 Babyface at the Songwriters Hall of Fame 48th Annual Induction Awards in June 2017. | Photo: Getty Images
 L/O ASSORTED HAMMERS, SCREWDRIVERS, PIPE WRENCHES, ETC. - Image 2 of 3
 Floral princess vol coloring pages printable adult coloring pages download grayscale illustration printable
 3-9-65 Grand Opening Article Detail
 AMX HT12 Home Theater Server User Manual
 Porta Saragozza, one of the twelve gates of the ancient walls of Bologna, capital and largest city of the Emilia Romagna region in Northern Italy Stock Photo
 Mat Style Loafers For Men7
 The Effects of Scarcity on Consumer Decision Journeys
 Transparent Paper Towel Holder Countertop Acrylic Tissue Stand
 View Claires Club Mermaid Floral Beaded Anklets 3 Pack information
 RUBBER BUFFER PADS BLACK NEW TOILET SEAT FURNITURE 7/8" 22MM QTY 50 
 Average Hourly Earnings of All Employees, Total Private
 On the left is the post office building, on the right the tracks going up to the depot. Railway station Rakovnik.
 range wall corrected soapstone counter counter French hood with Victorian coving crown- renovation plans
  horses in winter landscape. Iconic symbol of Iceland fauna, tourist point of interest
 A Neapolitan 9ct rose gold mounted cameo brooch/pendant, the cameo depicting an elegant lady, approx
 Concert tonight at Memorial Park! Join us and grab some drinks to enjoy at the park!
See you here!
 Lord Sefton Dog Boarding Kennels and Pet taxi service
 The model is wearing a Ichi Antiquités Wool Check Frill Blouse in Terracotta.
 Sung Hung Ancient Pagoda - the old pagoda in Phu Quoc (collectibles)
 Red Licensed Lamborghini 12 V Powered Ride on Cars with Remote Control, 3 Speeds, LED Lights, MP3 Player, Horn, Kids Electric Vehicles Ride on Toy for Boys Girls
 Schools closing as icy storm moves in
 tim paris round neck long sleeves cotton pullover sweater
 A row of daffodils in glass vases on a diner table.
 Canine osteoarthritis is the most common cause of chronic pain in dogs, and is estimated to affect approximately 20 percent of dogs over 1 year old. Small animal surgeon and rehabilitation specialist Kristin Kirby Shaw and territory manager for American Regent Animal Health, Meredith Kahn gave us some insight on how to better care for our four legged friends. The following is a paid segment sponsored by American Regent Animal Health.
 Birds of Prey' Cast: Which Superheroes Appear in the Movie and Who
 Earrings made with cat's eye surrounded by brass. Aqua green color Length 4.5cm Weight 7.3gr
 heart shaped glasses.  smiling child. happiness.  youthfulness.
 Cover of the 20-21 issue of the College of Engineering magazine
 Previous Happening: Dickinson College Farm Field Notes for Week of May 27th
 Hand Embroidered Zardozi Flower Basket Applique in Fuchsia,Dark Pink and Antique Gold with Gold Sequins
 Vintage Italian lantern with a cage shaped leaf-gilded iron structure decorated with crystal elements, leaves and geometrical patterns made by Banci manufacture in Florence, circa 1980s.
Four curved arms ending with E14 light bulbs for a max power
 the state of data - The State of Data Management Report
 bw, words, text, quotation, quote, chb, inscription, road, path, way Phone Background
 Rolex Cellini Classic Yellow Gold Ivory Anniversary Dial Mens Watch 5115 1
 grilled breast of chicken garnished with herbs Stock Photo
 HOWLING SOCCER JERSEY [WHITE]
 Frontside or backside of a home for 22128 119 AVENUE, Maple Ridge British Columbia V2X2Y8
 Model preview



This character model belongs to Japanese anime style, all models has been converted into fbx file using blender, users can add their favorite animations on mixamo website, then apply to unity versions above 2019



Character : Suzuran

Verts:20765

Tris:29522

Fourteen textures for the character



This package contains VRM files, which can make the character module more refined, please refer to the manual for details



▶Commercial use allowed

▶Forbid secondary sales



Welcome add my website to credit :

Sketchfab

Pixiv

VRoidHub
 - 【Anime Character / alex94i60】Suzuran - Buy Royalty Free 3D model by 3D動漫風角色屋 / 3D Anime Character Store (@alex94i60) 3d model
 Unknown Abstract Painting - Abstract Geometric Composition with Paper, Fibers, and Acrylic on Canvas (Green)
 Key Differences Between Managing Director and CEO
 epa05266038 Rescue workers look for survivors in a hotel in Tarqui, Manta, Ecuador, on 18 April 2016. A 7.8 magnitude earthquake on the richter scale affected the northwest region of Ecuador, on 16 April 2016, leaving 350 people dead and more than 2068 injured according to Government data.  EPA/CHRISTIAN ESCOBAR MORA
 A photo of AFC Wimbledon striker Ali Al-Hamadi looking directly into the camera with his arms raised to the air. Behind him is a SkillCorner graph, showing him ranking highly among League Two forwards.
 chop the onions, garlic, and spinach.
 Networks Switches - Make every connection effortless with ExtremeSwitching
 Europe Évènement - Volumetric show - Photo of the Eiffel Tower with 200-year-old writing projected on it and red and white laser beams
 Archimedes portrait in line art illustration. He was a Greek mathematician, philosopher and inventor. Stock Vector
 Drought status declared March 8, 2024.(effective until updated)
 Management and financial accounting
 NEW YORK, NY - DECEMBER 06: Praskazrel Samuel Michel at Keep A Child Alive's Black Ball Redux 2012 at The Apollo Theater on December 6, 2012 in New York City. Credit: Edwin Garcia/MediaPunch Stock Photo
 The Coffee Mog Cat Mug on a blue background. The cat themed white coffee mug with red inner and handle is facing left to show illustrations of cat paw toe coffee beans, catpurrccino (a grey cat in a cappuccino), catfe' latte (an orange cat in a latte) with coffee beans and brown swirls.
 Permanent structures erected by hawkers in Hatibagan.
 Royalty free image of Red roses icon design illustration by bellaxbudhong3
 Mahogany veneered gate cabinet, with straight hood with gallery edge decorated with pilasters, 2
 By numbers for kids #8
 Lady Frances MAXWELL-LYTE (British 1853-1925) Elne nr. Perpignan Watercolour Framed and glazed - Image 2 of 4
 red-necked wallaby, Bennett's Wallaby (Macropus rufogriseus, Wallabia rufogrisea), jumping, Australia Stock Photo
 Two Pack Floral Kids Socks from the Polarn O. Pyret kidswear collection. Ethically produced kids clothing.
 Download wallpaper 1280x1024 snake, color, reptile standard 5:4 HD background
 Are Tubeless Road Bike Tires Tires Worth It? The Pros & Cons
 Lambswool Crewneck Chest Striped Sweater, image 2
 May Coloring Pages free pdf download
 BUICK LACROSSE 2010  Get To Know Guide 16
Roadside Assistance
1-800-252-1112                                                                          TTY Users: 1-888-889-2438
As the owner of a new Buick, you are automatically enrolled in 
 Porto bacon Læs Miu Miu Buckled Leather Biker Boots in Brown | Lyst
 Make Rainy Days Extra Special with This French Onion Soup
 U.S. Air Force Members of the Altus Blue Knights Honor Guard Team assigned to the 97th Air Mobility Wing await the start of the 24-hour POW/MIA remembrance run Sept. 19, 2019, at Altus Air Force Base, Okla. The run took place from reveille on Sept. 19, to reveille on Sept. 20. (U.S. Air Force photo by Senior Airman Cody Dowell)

# # # # # # #

## [WORK TO BE COMPLETED]
Say how many lines in the entries contain the string "some". Nothing else belongs in the reply.

## [SOLUTION FOR THIS TASK]
2